Amaris.AI is currently seeking a professional-level Linux System Administrator – Artificial Intelligence to join infrastructure team in Amaris.AI.
The Infra and DevSecOps Engineer role is responsible for medium-to-advanced system administration tasks including Artificial Intelligence (AI) system and user support and for data-intensive computing resources operated by Amaris.AI CTO Office/Data Science teams in support of advanced scientific, engineering, and AI research experiments for commercial industry customers. Support for rapid AI experimentation is crucial.
To be successful in this position, the applicant should be able to:
• Build, expand and operate Amaris infrastructures, including large-scale systems in public and private clouds.
• Work in a fast-paced environment. Participate in technical operations and rotations in response to performance and reliability issues.
• Help improve the whole lifecycle of infrastructure services from inception and design throughout development, to deployment, user support and refinement.
• Maintain services once they are live by measuring and monitoring availability, latency, and overall system health
• Practice sustainable incident response and blameless postmortems.
• Aim to eliminate manual processes.
• Identify and resolve problems relating to critical service operations.
• Be involved in the design and subsequent implementation of software and service infrastructure.
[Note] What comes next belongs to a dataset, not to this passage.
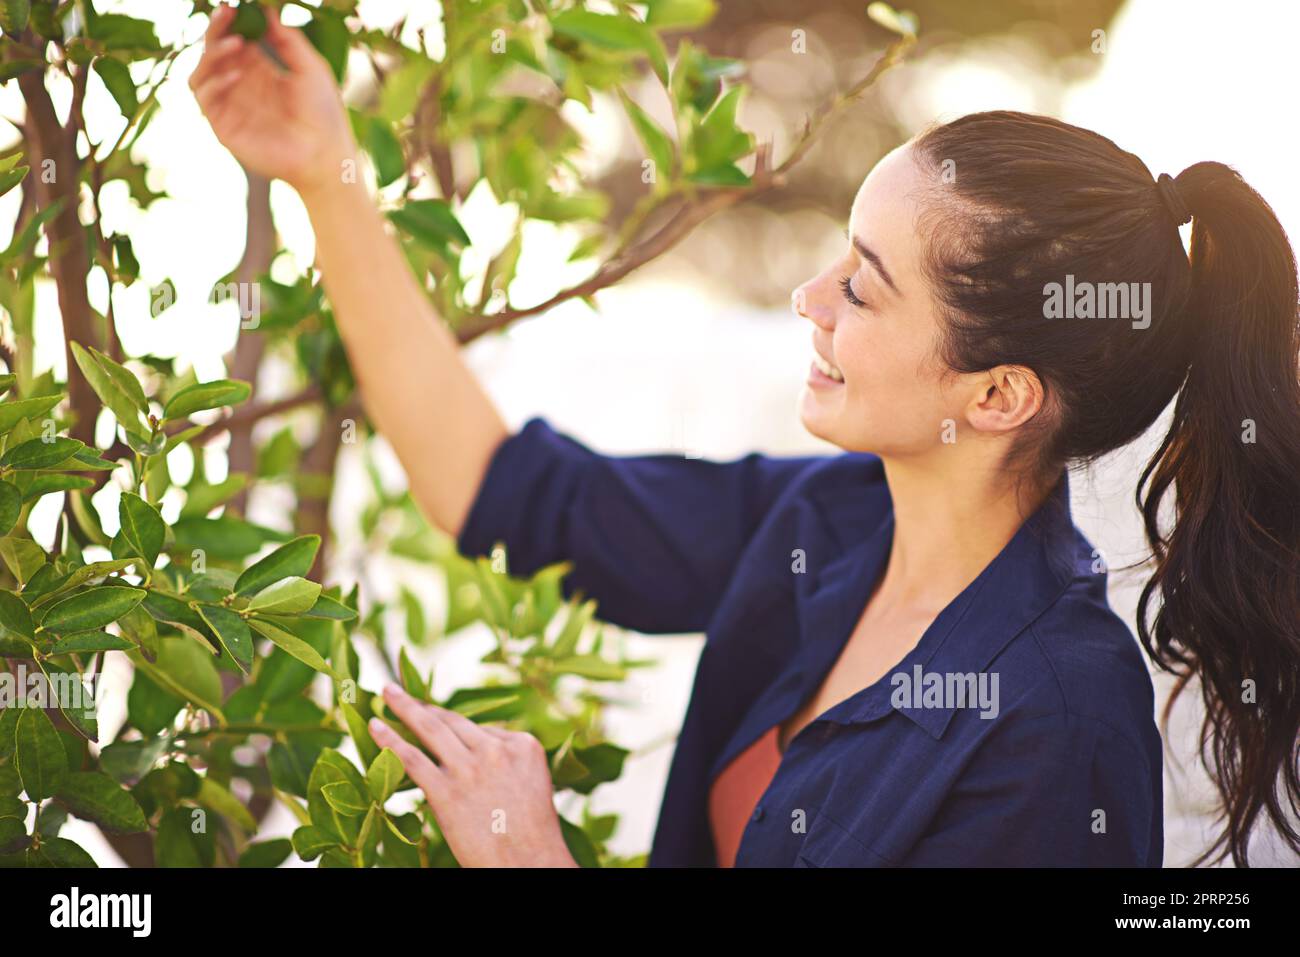 Aus kleinen Samen wachsen mächtige Bäume. Eine junge Frau inspiziert die Blätter ihres Baumes. Stockfoto

• At least 3 years of relevant work experience.
• Bachelor’s degree or equivalent in a relevant field (Computer Science, Big Data, AI, Statistics, Math) or equivalent experience
• At least 3 years of experience working with Unix Linux systems.
• At least 3 years of experience in one or more programming languages such as Java, C++, Go, or scripting experience in Shell and Python
• Experience with Docker and Kubernetes.
• Ability to debug, optimize code, and automate routine tasks.
• Systematic problem-solving approach, coupled with effective communication skills and a sense of drive.
The ideal candidate should have experience or be familiar with the some of the following:
• Self-driven and capable of coping with ambiguity and move projects from concept to delivery.
• Strong in analytical skills and the ability to solve real world problems in a fast moving environment.
• Experience in designing, analyzing and building automation and tools for large scale systems.
• Experience in building solutions on On-premise as well as with AWS, Google, Azures and other cloud services.
• Experience in networking technologies such TCP/IP, BGP, DNS, etc. in a carrier-grade environment.
• Experience in Container Technologies like Docker, Kubernetes, Rancher etc.
• Experience in tools like Teraform, Ansible, Puppet or Chef.
• Experience in working on Data Science and Machine Learning projects.
• Familiarity of Big Data Platform.